Progression from Unilateral to Bilateral Parkinsonism in Early Parkinson Disease: Implication of Mesocortical Dopamine Dysfunction by PET

Abstract

It is still unclear why some early Parkinson disease (PD) patients with unilateral parkinsonism develop bilateral parkinsonism soon after the diagnosis is made as Hoehn and Yahr (HY) stage 1 and others remain stable for a long time. Here, we examined in vivo changes in the brain dopaminergic system using PET with a dopamine transporter radiotracer, ¹¹C-2-B-carbomethoxy-3B-(4-fluorophenyl) tropane (¹¹C-CFT), to elucidate the pathophysiologic characteristics of the dopamine system in early converters. Methods: Twelve drug-naïve PD patients with HY stage 1 disease and 8 age-matched healthy subjects participated in this study. Clinical evaluation of their parkinsonism was performed monthly until their HY stage 1 (unilateral parkinsonism) disease had become stage 2 (bilateral parkinsonism) disease according to the Unified Parkinson Disease Rating Scale.

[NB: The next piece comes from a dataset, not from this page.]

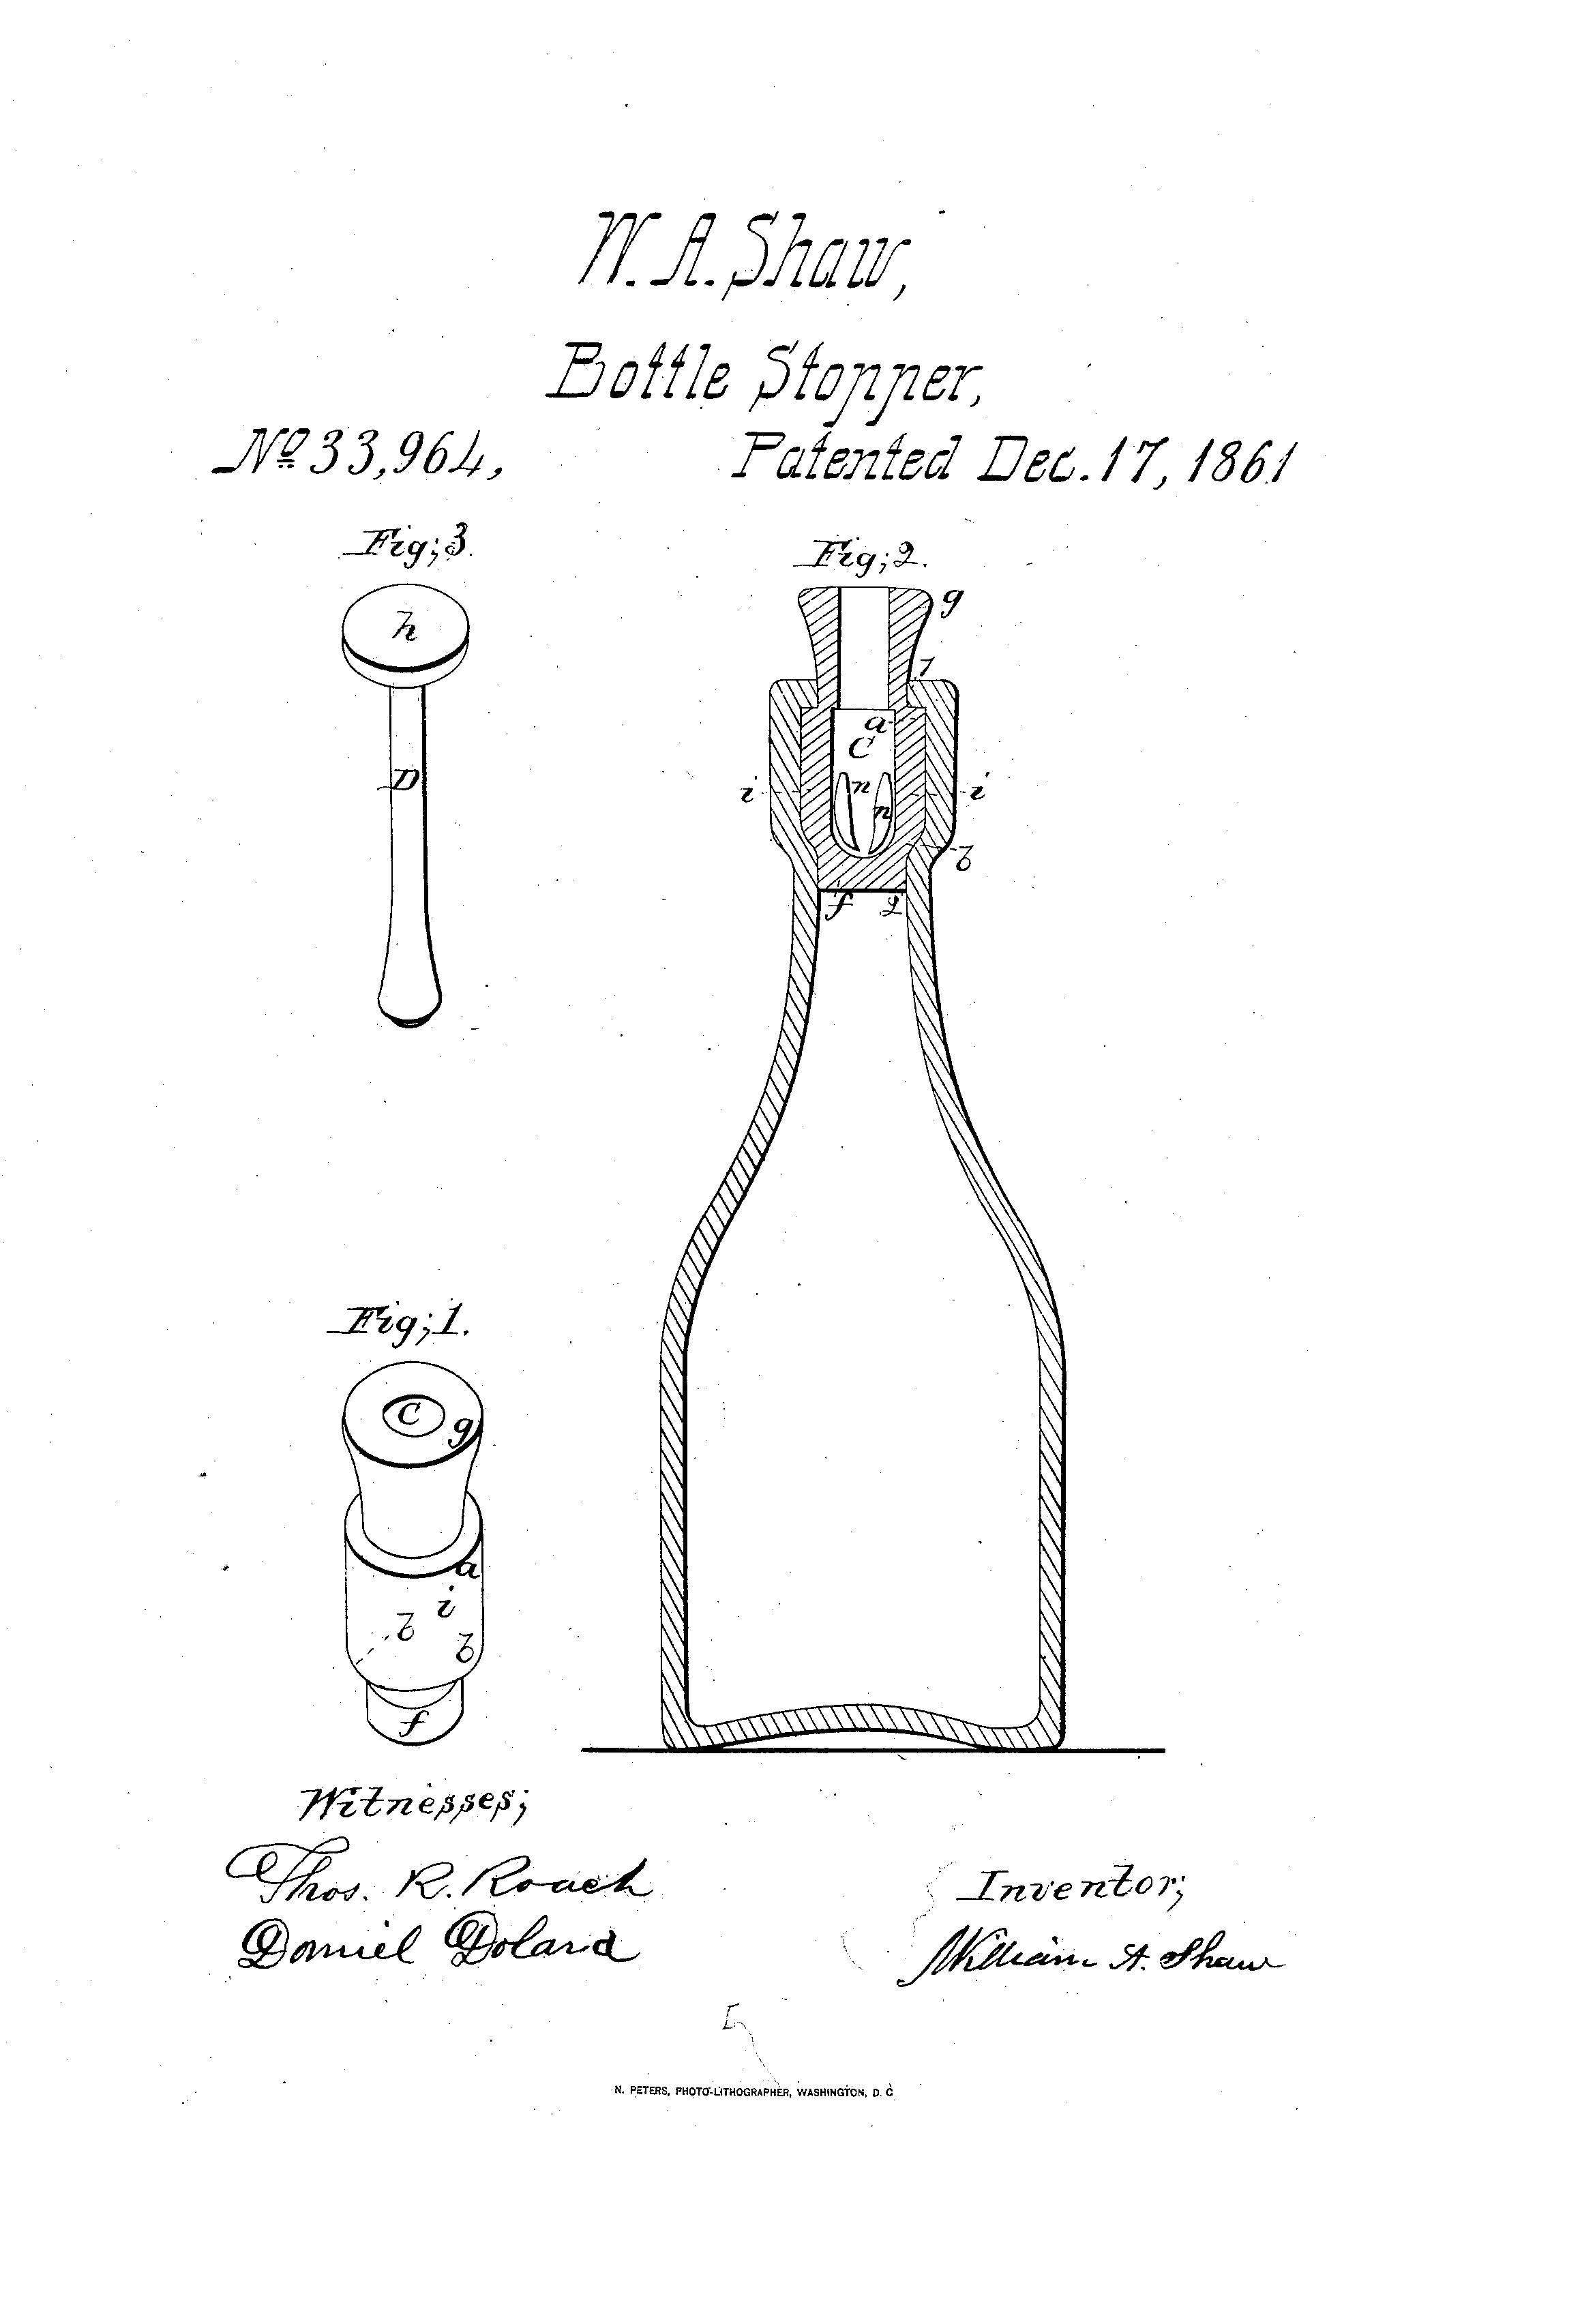 Patent 33,964

The endpoint of the follow-up study was the time of the conversion. Region-of-interest analysis was used to examine ¹¹C-CFT binding in the mesocortical (nucleus accumbens, caudate, orbitofrontal cortex) and nigrostriatal (putamen) dopamine projection regions. Multiregression analyses between these PET data and clinical parameters were performed within the PD group. Results: Between-group comparisons showed that, irrespective of the duration of conversion, all PD patients clinically diagnosed at HY stage 1 had a significant reduction in ¹¹C-CFT binding in the bilateral striatum (affected, −46%; unaffected, −35%). Regression analysis showed that the level of ¹¹C-CFT binding in the nucleus accumbens and orbitofrontal cortex on the unaffected side was significantly positively correlated with the conversion interval. This positive correlation indicates that the more severe a dysfunction presents in the mesocortical dopamine system on the seemingly intact side, the more rapidly the parkinsonism proceeds to the intact side (bilateral parkinsonism). Conclusion: The finding of bilateral reduction in the striatal ¹¹C-CFT binding even in HY stage 1 PD patients confirms that molecular changes in the dopamine system precede clinical phenotype, suggesting an advantage of PET for detecting an early abnormality of the disease. The spread of parkinsonism to the unaffected side soon after the diagnosis of HY stage 1 PD may be related to the degree of mesocortical dopamine dysfunction.